To see why this is the case, we can run the de Casteljau algorithm "backwards" on your example to double the parameter range of the curve from t = 0 ... 1 to t = -1 ... 1. This results in the following cubic Bezier curve control points:
(300,400) (0,-100) (100,200) (200,100)
If you plot this curve, you'll see your original curve from t = 0.5 ... 1. You'll also see that there is a cusp at t = 0.5 on this extended curve, right at the beginning of your original. This cusp is why your curve is not differentiable at its starting point.

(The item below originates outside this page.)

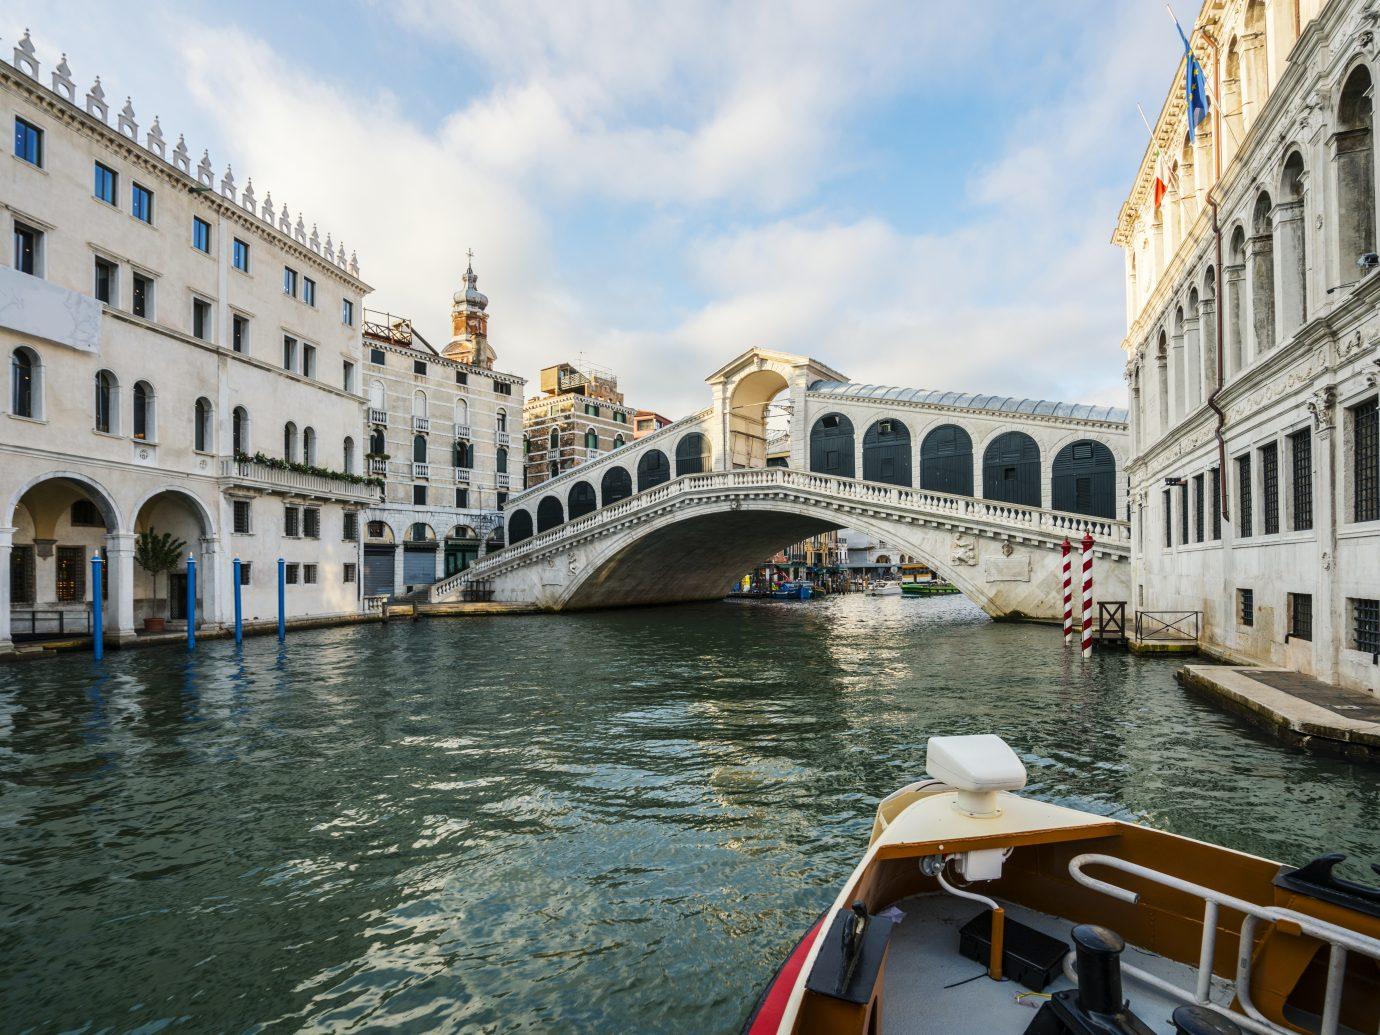 Boat On Grand Canal near famous Grand Rialto Bridge, Venice, Italy

However, the tangent of the curve is not quite the same thing as the derivative. So if all you need is the tangent, you're in luck. (The derivative is tangent to the curve, but so is any other vector perpendicular to the curve's normal.)
It turns out that the tangents at the ends of the curve are generally equivalent to:
P1 - P0 at t = 0
P3 - P2 at t = 1
However, if (and only if) P0 = P1 and/or P2 = P3, then the tangent at the degenerate point (that is, at t = 0 if P0 = P1 and/or t = 1 if P2 = P3) is equivalent to:
P2 - P1
You can verify that this is the case by evaluating B'(t) as t->0.

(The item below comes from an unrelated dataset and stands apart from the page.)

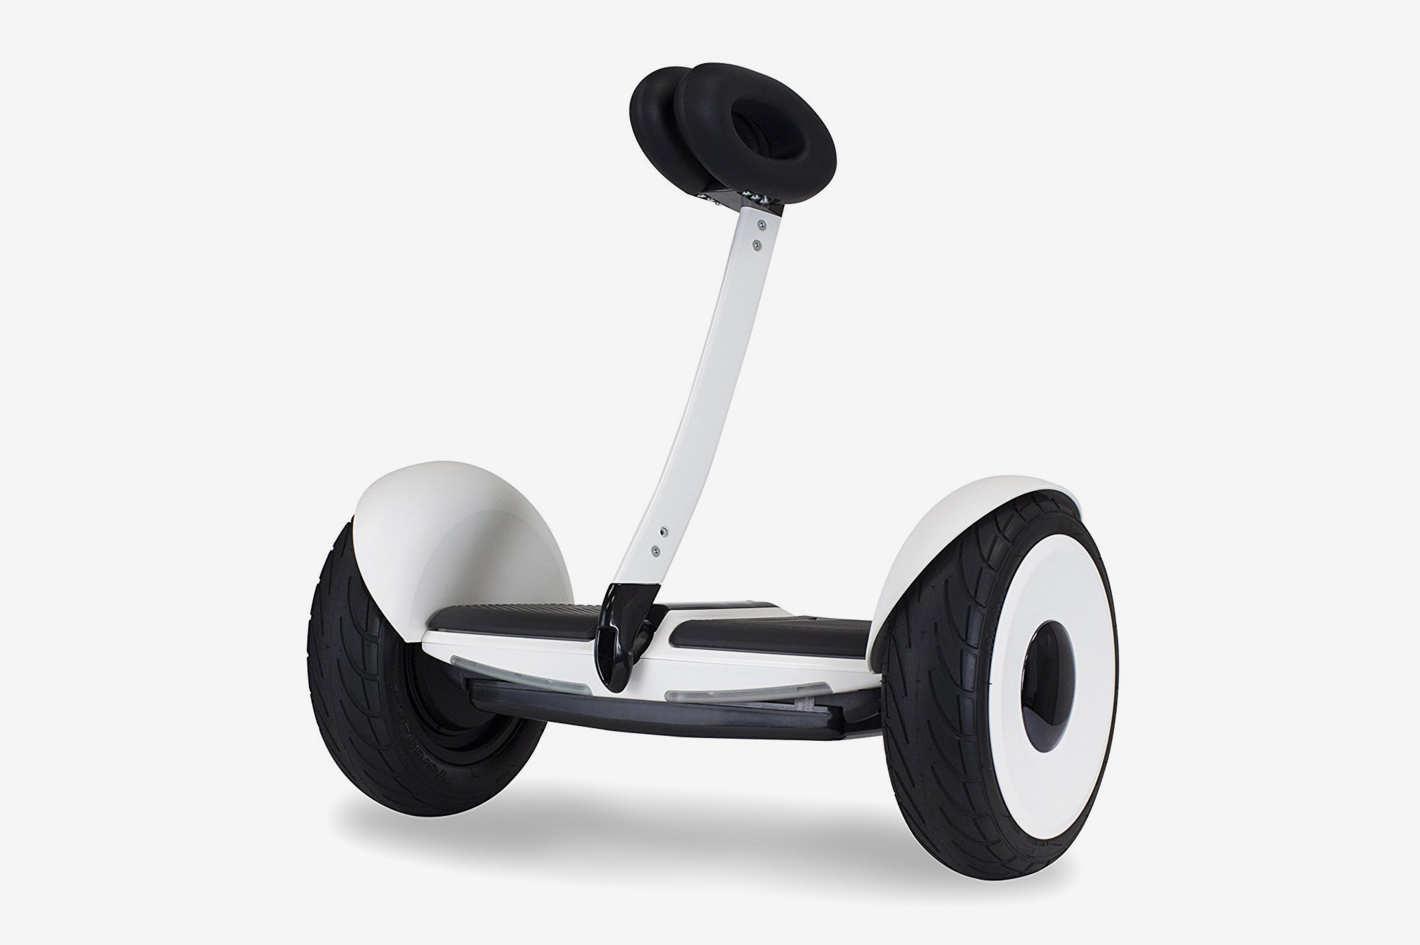 Segway miniLITE — Smart Self Balancing Personal Transporter

In fact, if you split the extended curve in two at t = 0.5 and then apply the P2 - P1 equation to each side, you'll see that there are two different tangents at the cusp. The tangent for each half of the curve point in the exact opposite directions. This is another illustration of why the derivative is undefined at this point.
One final note: your trick of treating the points P1, P2, and P3 like a quadratic Bezier will also give you a correct tangent. However, this will not give you the correct derivative.
This question is already correctly answered but I thought you'd like to know the underlying mathematics:
You are looking to find the end-slopes of a cubic bezier. Since the curve (i.e. its x and y values) is parametric in t, you will differentiate x and y w.r.t. t separately. The pair that you arrive at may be conceived of as the instantaneous "velocity" of a point travelling along the curve. So the point's initial velocity is zero (or more precisely a null-vector) in this case, but (most probably) the acceleration (or failing that, at least the rate of change of acceleration) will be non-zero, and hence the point's velocity will become non-zero (a non-null vector) and hence it will will move from those coordinates and trace out the curve.
But the slope as you visually perceive it is not parametric i.e. it does not depend on the time. I.O.W. what you are looking for is dy/dx, and not the pair (dx/dt, dy/dt), and given that dx/dt and dy/dt both are zero at t=0 for your curve, dy/dx = (dy/dt)/(dx/dt) = 0/0 which is indeterminate. To evaluate this, one must apply L'Hopital's rule. You can get the detailed treatment of the rule from the Wikipedia article but basically it means that to evaluate such indeterminate limits, we can differentiate the numerator f and denominator g separately to get f' and g' and then limit(f/g) is equal to limit(f'/g'). Now if p0, p1, p2 and p3 are the points defining your cubic, then:
dy / dt = ypart ( 3 * ( p1 - p0 ) + 6 * t * ( p2 - 2 * p1 + p0 ) + 3 * t ** 2 * ( p3 - 3 * p2 + 3 * p1 - p0 ) )
dx / dt = xpart ( 3 * ( p1 - p0 ) + 6 * t * ( p2 - 2 * p1 + p0 ) + 3 * t ** 2 * ( p3 - 3 * p2 + 3 * p1 - p0 ) )
-> (dy/dt) / (dx/dt) = ypart ( p1 - p0 ) / xpart ( p1 - p0 )
But this becomes indeterminate when p0 == p1. Now by L'Hopital's rule,
limit(t->0) [ (dy/dt) / (dx/dt) ] = limit(t->0) [ (d2y/dt2) / (d2x/dt2) ]
Now:
d2y/dt2 = ypart ( 6 * ( p2 - 2 * p1 + p0 ) + 6 * t * ( p3 - 3 * p2 + 3 * p1 - p0 ) )
d2x/dt2 = xpart ( 6 * ( p2 - 2 * p1 + p0 ) + 6 * t * ( p3 - 3 * p2 + 3 * p1 - p0 ) )
and at t = 0, (d2y/dt2) / (d2x/dt2) = ypart ( p2 - 2 * p1 + p0 ) / xpart ( p2 - 2 * p1 + p0 )
But since p1 == p0, this becomes: ypart ( p2 - p0 ) / xpart ( p2 - p0 ), which is exactly the result what Naaff told you. Note that if even p2 == p0 (a really degenerate curve, especially if cubic, in which case it will be just a straight line!), then even this will be indeterminate, and you can once more differentiate the numerator and denominator to get:
limit(dy/dx) = limit(t->0) [ (d3y/dt3) / (d3x/dt3) ] = ypart ( p3 - p0 ) / xpart ( p3 - p0 )
I hope it was useful for you... (BTW it doesn't seem as if TeX-like notation works here unlike on math.stackexchange, else I would provide math markup.)